Comedytime Saturday
- Network: CBS
- Launched: September 24, 2011
- Closed: September 20, 2014
- Country of origin: United States
- Format: Sitcom
- Running time: Saturdays 8:00–9:00pm (2011–2012, 2013–2014)

= Comedytime Saturday =

TV programming block on CBS

Comedytime Saturday is the official branding for a one-hour programming block which has aired off and on since 2011–12 television season on CBS between 8 and 9 p.m. ET/PT on Saturday nights. The branding is only listed by industry sources as a placeholder for the time slot, rather than an official on-air branding. The placeholder timeslot was also the lead-in to CBS' Crimetime Saturday lineup, which was reduced by an hour to accommodate the change. Originally conceived as a vehicle for at least one first-run sitcom (thus reviving the practice of programming entertainment programs on Saturday nights for the first time in several years), the block instead became an hour for airing two in-season or previous season reruns of CBS sitcoms from the network's Monday and Thursday night lineups.

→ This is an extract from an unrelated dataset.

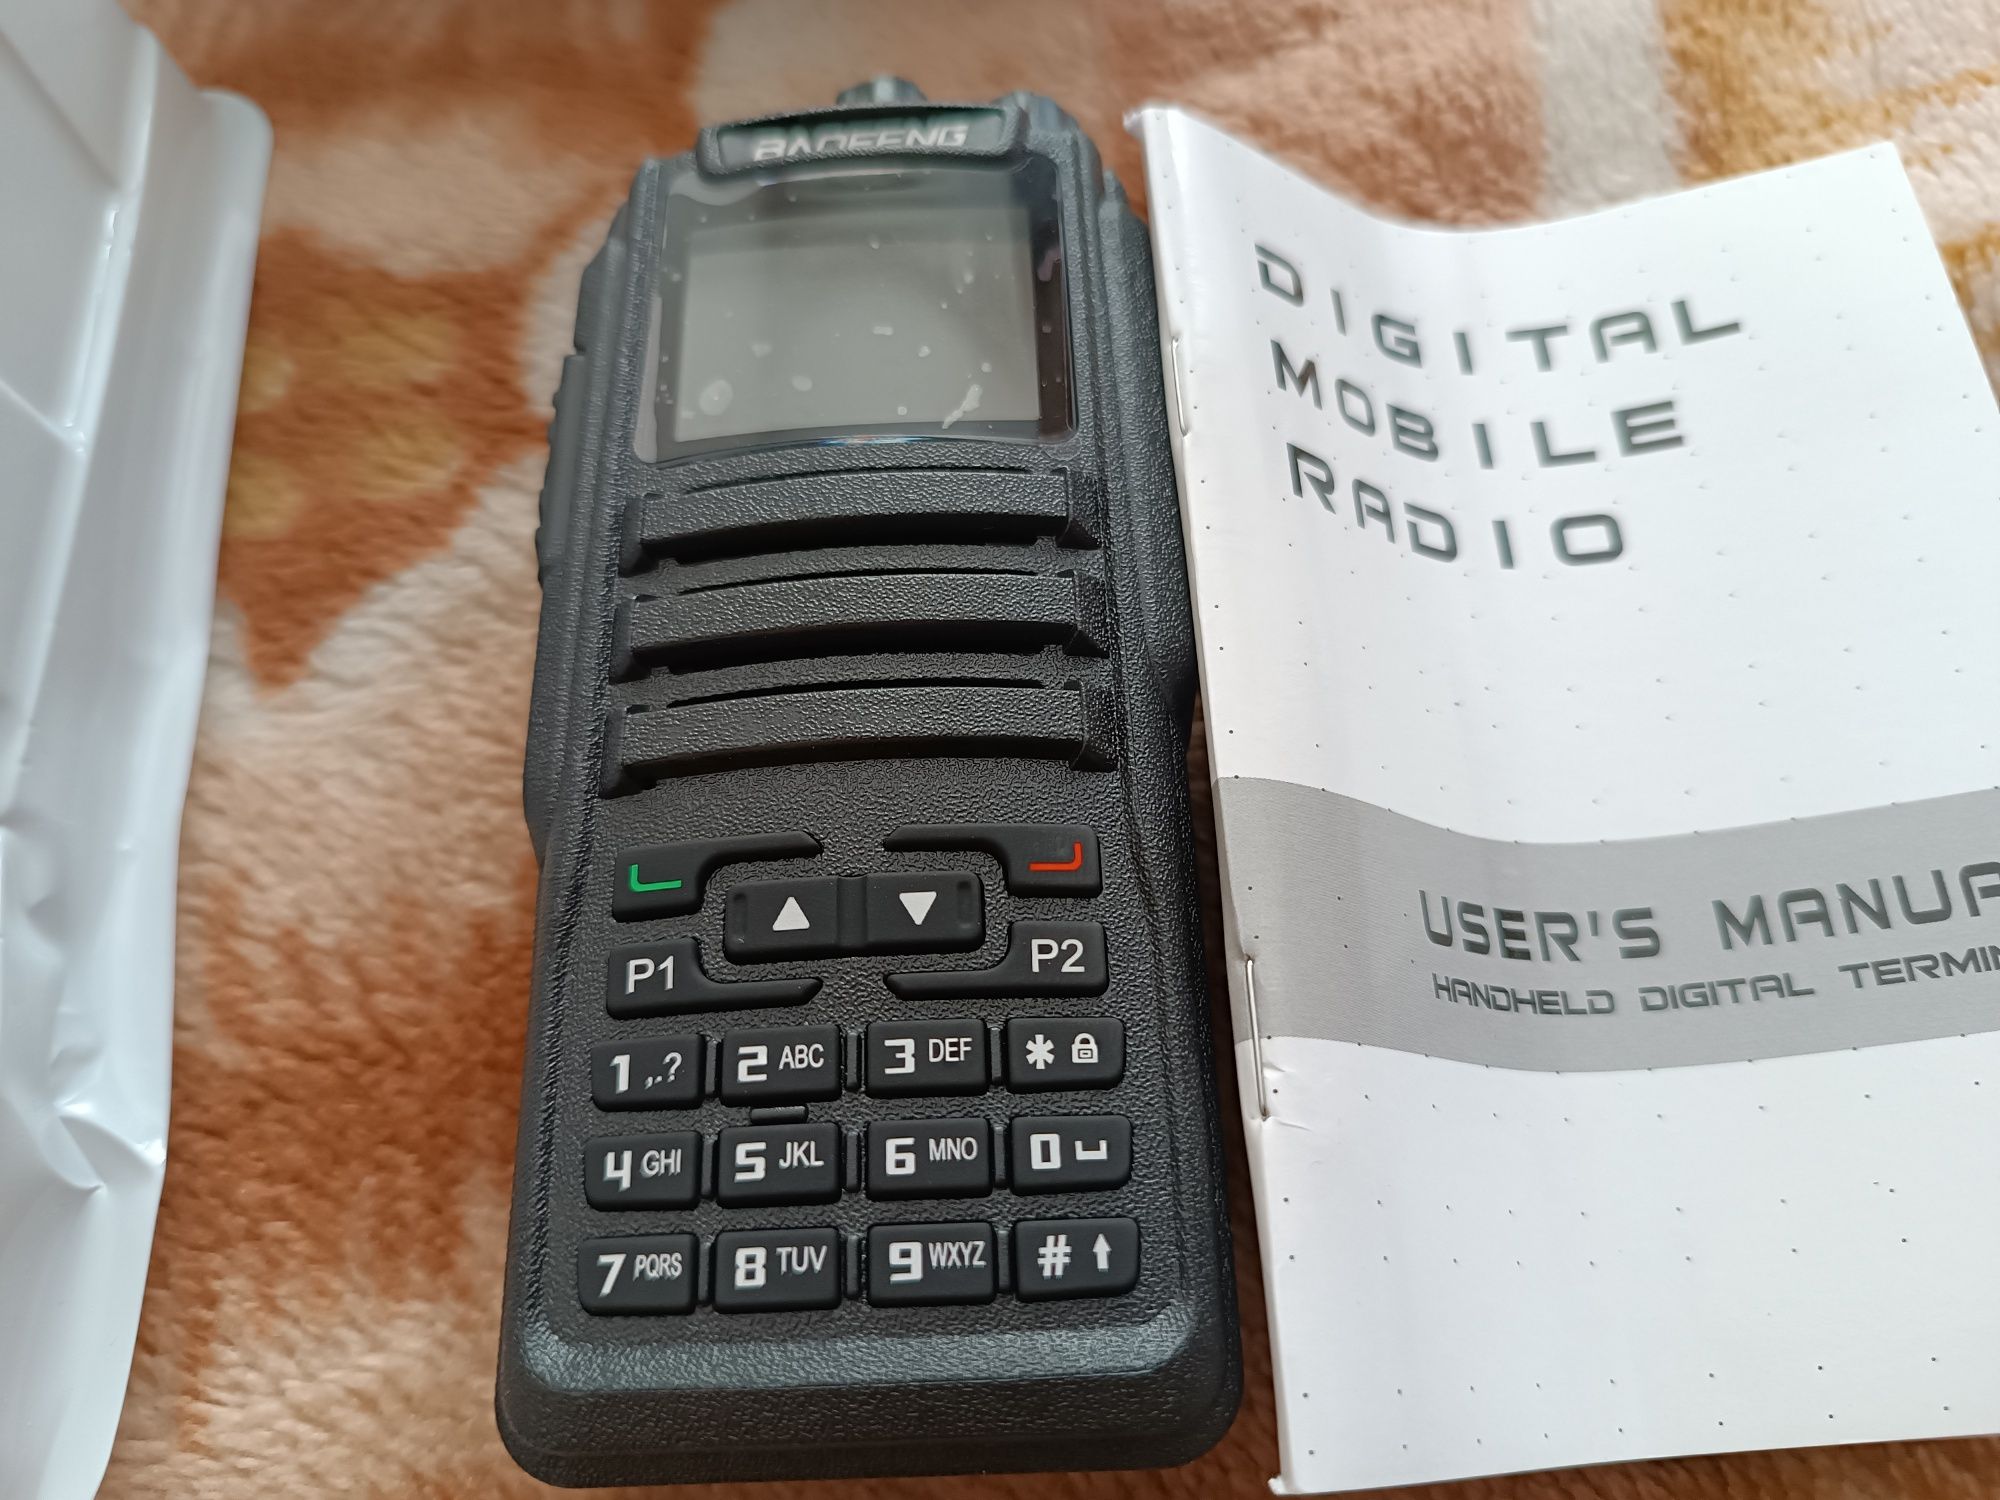 Radiotelefon analogowo-cyfrowy Baofeng DM-1701 2m/70cm. OpenGD77

The first half-hour of the block was originally to comprise first-run episodes of Rules of Engagement, which would have moved from the Thursday time slot it held at the end of the 2010–11 television season, mainly to allow that program to build up enough episodes for syndication (by doing so, Engagement was to have become the first scripted first-run series to air on a broadcast network on Saturday night, excluding already-canceled series, since 2005). However, Engagement's Saturday run was held back as the premiere of the new sitcom How to Be a Gentleman, which took the place of Engagement in its Thursday timeslot, struggled, and after two weeks, the network announced that Engagement would premiere and remain in that Thursday timeslot on October 20, 2011, with new episodes of Gentleman moving to the second half-hour of the Saturday block, effectively being burned off on Saturday nights without CBS actually classifying it as a canceled program (the network traditionally does not announce any official program cancellations until the May upfronts, in contrast to other American networks). After one airing in the Comedytime Saturday block where a new episode of Gentlemen dropped half the audience of the Two and a Half Men rerun leading into it, How to Be a Gentleman was canceled with six completed episodes left unaired. Those episodes eventually aired in the same timeslot in double-run form at the end of May 2012 in a further out-of-season burn-off maneuver.

With no original programming, Comedytime Saturday consisted solely of reruns of CBS's Monday and Thursday night sitcoms (How I Met Your Mother, 2 Broke Girls, Two and a Half Men, Mike & Molly, The Big Bang Theory, or Rules of Engagement). The time slot was also used for special programming in holiday periods along with a Republican presidential debate which aired in mid-November.

The block was not used during 2012–2013 television season, as the network restored the first hour of Crimetime Saturday to the schedule during its upfront presentation on May 16, 2012. During part of the season, the first hour of Saturday prime time programming was used to burn off remaining episodes of the cancelled Made in Jersey. CBS added the block back to its schedule for the 2013–2014 television season, as they announced on May 15, 2013. The addition of the block came alongside expanded Thursday comedy offerings on the network. It was again removed for the 2014–15 season as CBS's comedy schedule was reduced.